Страхов считал, что Достоевский не до конца справился со своей огромной задачей: несмотря на «воскресение» Раскольникова в эпилоге, читатель так и не получает «внутреннего переворота в Раскольникове… пробуждения в нем истинно человеческого образа чувств и мыслей». Самое замечательное в страховской статье – анализ психологии Раскольникова: как мы помним, первая формулировка замысла Достоевского – «психологический отчет одного преступления», и Страхов говорит о том, насколько убедительно показано восприятие Раскольниковым собственного поступка, во всех стадиях, вплоть до неизбежного финала. «Вы один меня поняли», – позже сказал Страхову Достоевский.
Что было дальше?
За «Преступлением и наказанием» последовали остальные романы из «великого пятикнижия» Достоевского – «Идиот», «Бесы», «Подросток» и «Братья Карамазовы». Еще при жизни Достоевского отрывок из «Преступления и наказания» перевели на французский; в 1880-е книга была переведена на основные европейские языки. Роман оказал важное влияние на западную литературу – оно было ощутимо уже в XIX веке (можно вспомнить роман Поля Бурже «Ученик» 1889 года), но по-настоящему сказалось в XX: мотивы «Преступления и наказания» можно встретить у английских модернистов, таких как Вирджиния Вулф и Д. Г. Лоуренс, у французских экзистенциалистов Сартра и Камю (особенно в «Постороннем»). Еще отчетливее следы «Преступления и наказания» в немецкоязычной прозе – назовем Густава Мейринка, Леонгарда Франка, Йозефа Рота, Стефана Цвейга, Роберта Музиля{9}.

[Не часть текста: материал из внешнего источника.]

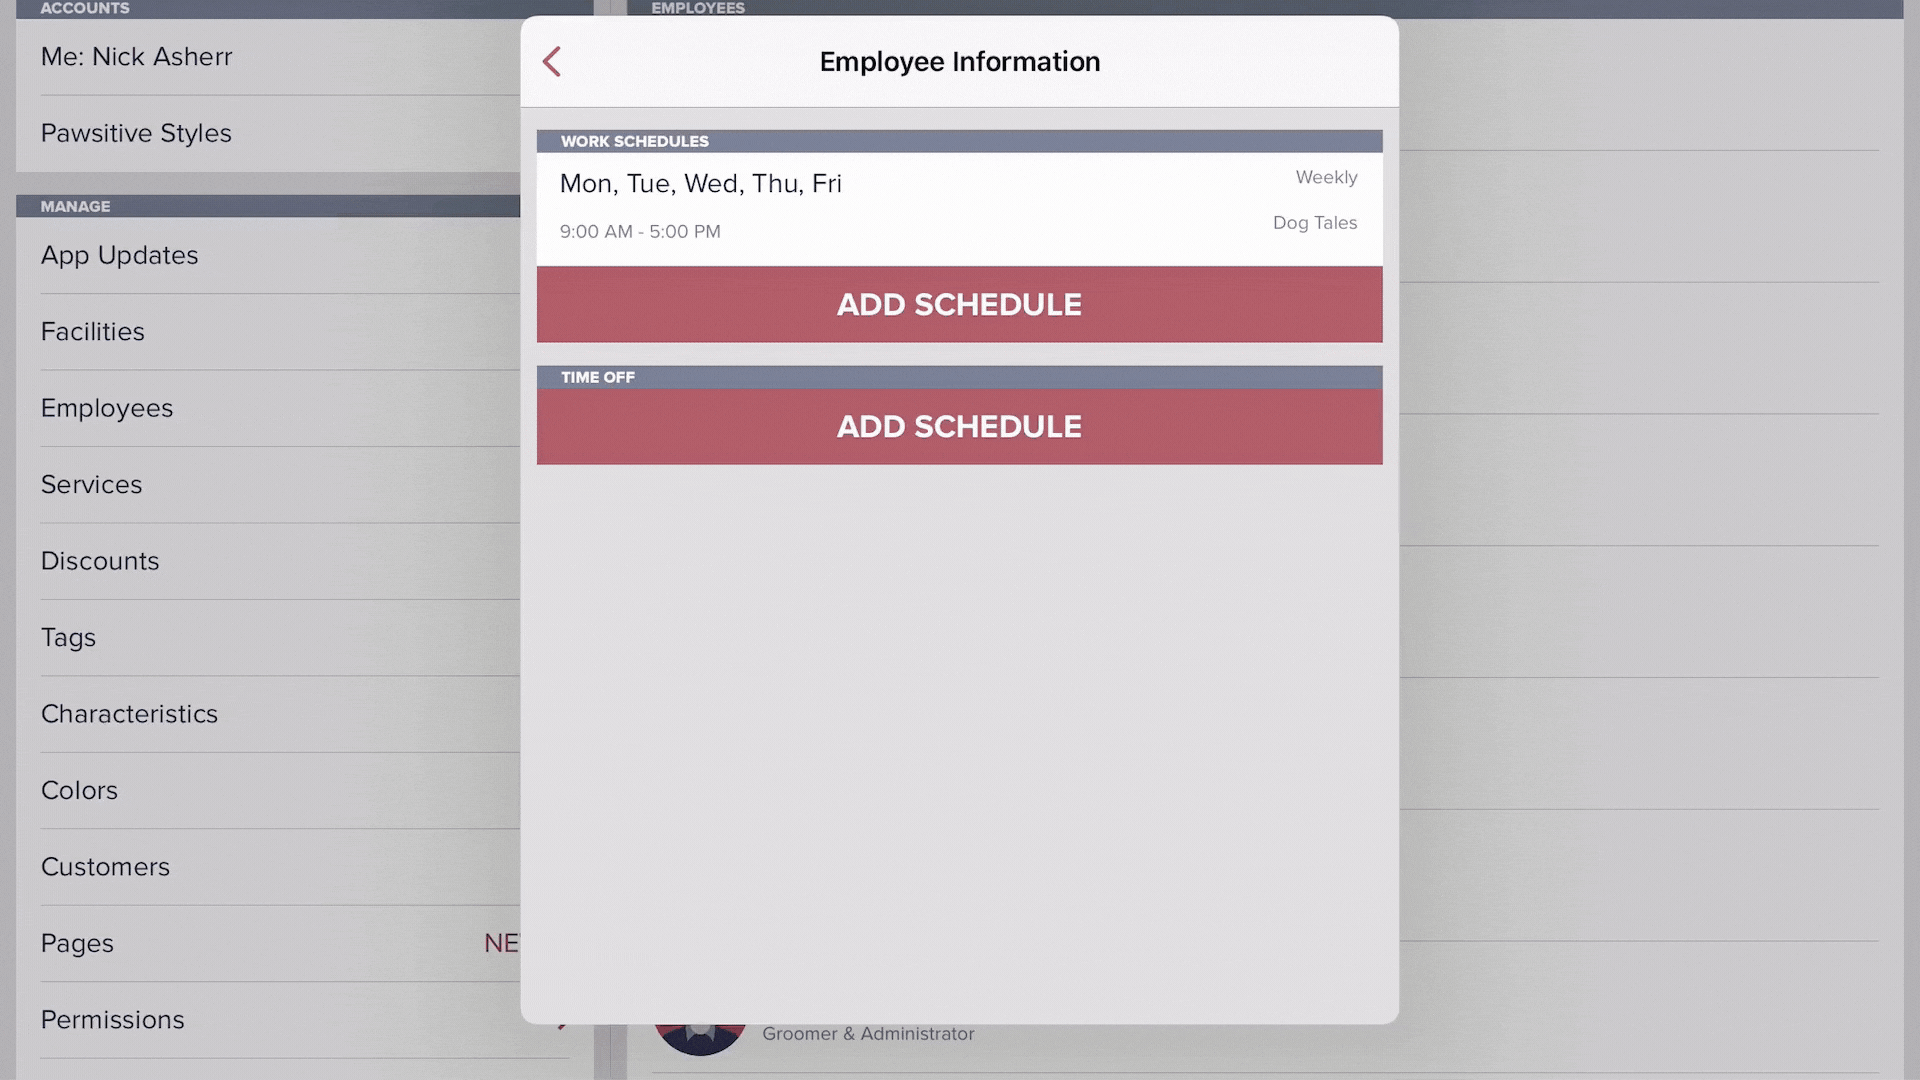 Adding appointments to the employee schedule

В России отношение к «Преступлению и наказанию» менялось вместе с восприятием Достоевского вообще. В конце XIX века «демократическому» пониманию писателя (которое отстаивал, например, Николай Михайловский, призывавший не делать из Достоевского пророка) уже противостояло христианское, мистическое, протосимволистское – в первую очередь так смотрел на Достоевского и «Преступление и наказание» друг писателя, философ Владимир Соловьев. Для него было очевидно, что идея романа выводится из биографии Достоевского, с которым духовное перерождение, как и с Раскольниковым, произошло на каторге:
Положительный общественный идеал еще не был вполне ясен уму Достоевского по возвращении из Сибири. Но три истины в этом деле были для него совершенно ясны: он понял прежде всего, что отдельные лица, хотя бы и лучшие люди, не имеют права насиловать общество во имя своего личного превосходства; он понял также, что общественная правда не выдумывается отдельными умами, а коренится во всенародном чувстве, и, наконец, он понял, что эта правда имеет значение религиозное и необходимо связана с верой Христовой, с идеалом Христа.
Схожие мысли о «Преступлении и наказании» можно прочитать у Константина Леонтьева, – впрочем, Леонтьев полагал, что в этом романе Достоевский еще мало думал о подлинном христианстве (к примеру, Соня Мармеладова отслужила только панихиду по отцу, а должна бы служить молебны, советоваться с духовниками и монахами, прикладываться к чудотворным иконам и мощам, читать не только Евангелие, а жития святых).
Чем дальше критика Достоевского уходила от позитивизма, тем больше говорилось о центральном значении «Преступления и наказания» среди его романов. Василий Розанов даже предлагал понимать все прочие тексты Достоевского «как обширный и разнообразный комментарий к самому совершенному его произведению – “Преступление и наказание”». Дмитрий Мережковский писал: «У Достоевского всюду – человеческая личность, доводимая до своих последних пределов, растущая, развивающаяся из темных, стихийных, животных корней до последних лучезарных вершин духовности». О героях Достоевского, переступающих запретную черту, Мережковский говорит: «Их страсти, их преступления, совершаемые или только «разрешаемые по совести», суть неизбежные выводы их диалектики». Инвариант этого сюжета, этих мотивировок, конечно, в «Преступлении и наказании».